Kendimize hava atmak için biraz zaman verebilir ve sonra odağımızı daha iyi hissetmemize yardımcı olacak bir şeye kaydırabiliriz - kalplerimizi açmamızı ve aslında değiştirmeyi düşündüğümüzden daha fazla güce sahip olduğumuzu fark etmemizi sağlayabilecek küçük bir sevgi eylemi. nasıl hissediyoruz.

5. Zor duygularınızı inkar etmeyin

bu, önce onları kabul etmekle ilgilidir, böylece gitmelerine izin verebiliriz ve sonra öğrendiklerimize odaklanabiliriz ve kendimizi duygusal düzenlemeyi kolaylaştıracak şeylerle donatabiliriz.

Bu bize kendimizde ve başkalarıyla nasıl etkileşimde bulunduğumuzda daha fazla sevgi, daha fazla bağlantı, daha fazla güven, daha fazla güzellik getirebilir.

Daha iyi bir dünya, bireysel insanların kendi hayatlarını iyileştirmesiyle başlar ve kendi yaşamlarımızı iyileştirmesi, kendimize bakmak ve mutluluğumuza ve iyiliğimize sahip çıkmakla başlar.

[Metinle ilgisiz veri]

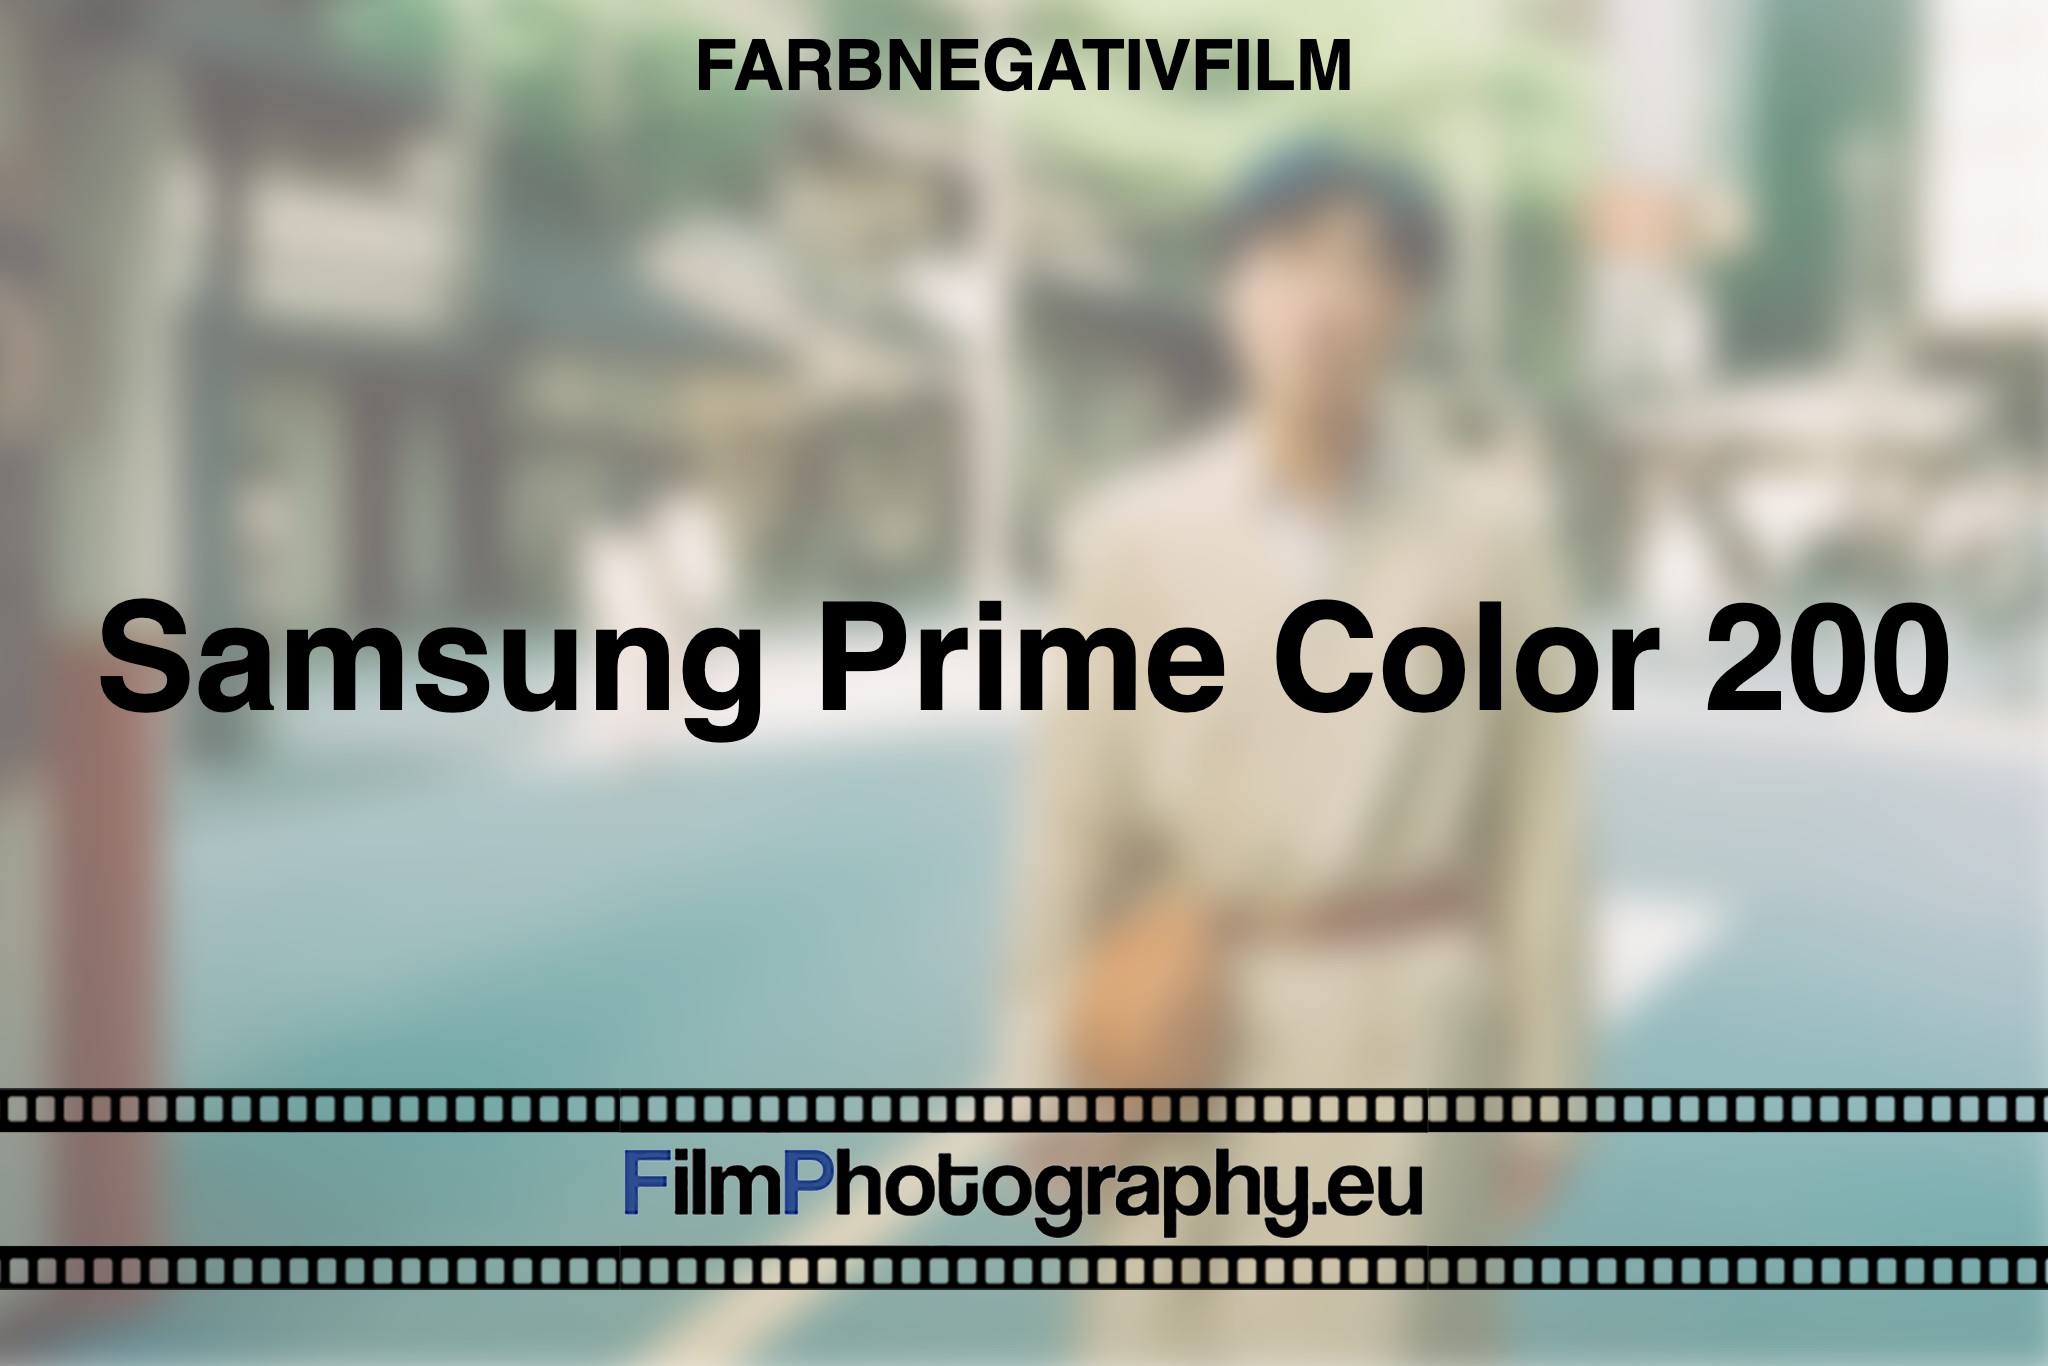 samsung-prime-color-200-farbnegativfilm-bnv
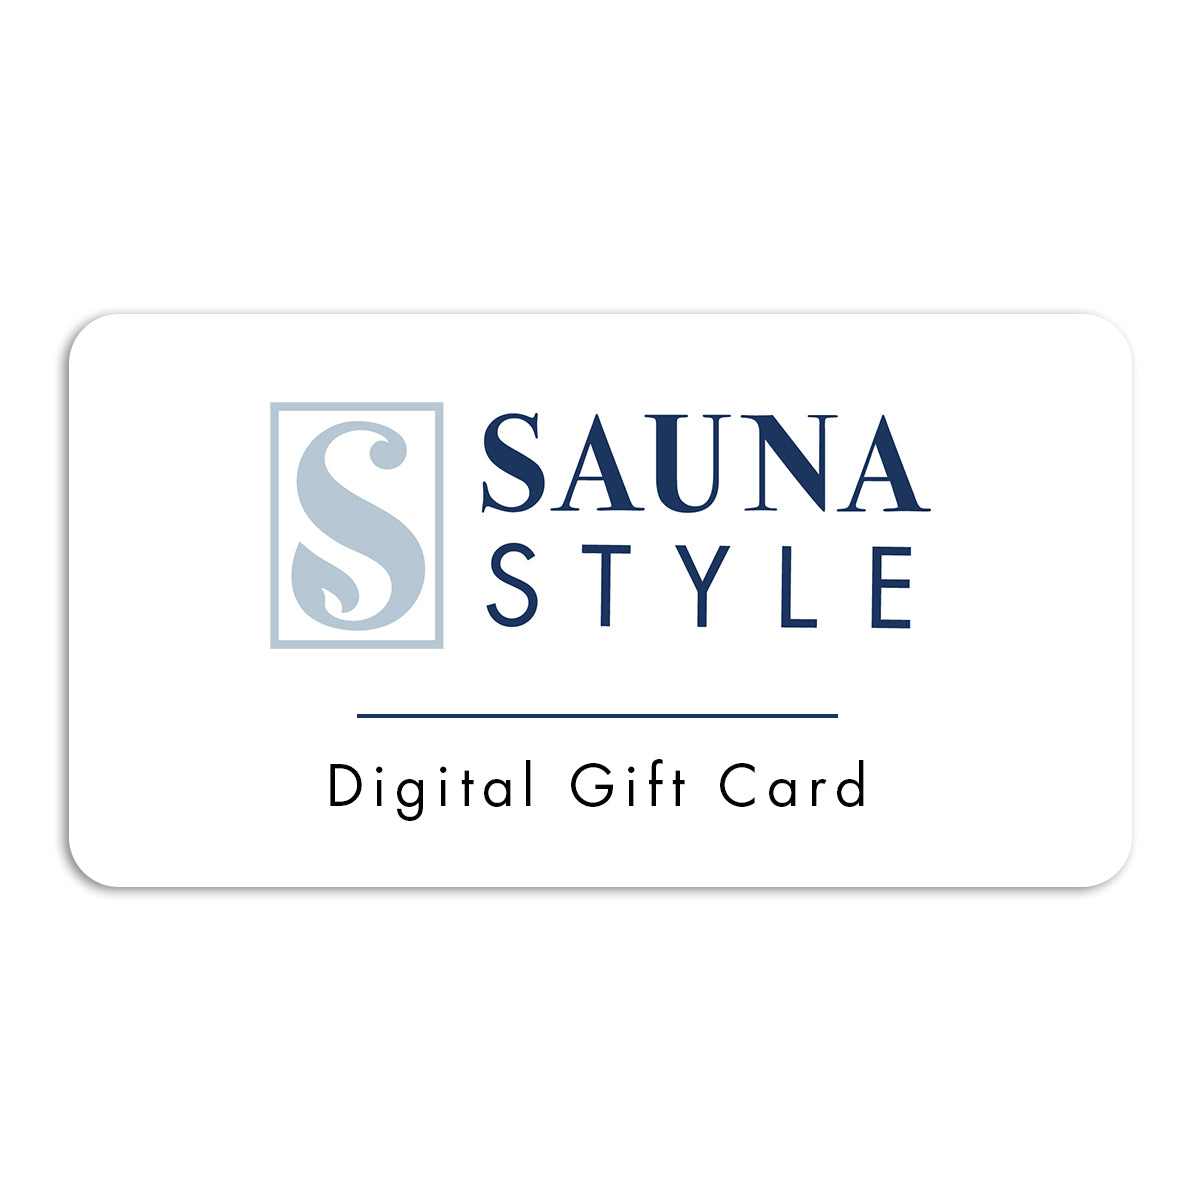 Sauna Style Digital Gift Card

Sadece maddi düzeyde değil, aynı zamanda duygusal, psikolojik ve ilişkisel düzeyde de.

Bu, bir gecede mükemmel olmamız gerektiği veya bu yeni araçlarla mücadele edersek, bizde bir sorun olduğu anlamına gelmez.

Tam aksine - kendimizi ve başkalarını her gün biraz daha fazla sevmeyi denemek için elimizden gelenin en iyisini yaparak hayatımızın Sanatçıları olarak düşünmeliyiz.

Kendimizde ve ilişkilerimizde yaratabileceğimiz her küçük Sevgi ve Güzellik, daha iyi bir dünya için son derece önemli bir katkıdır ve buna şimdiye kadar olduğundan daha fazla ihtiyaç duyulmamıştır.

Hepimiz güçlü yaratıcılarız - hadi bu krizi duygusal düzenleme sanatını ve bilimini öğrenmek ve küçük yollarla her gün daha fazla Sevgi ve Güzellik yaratmak için kullanalım.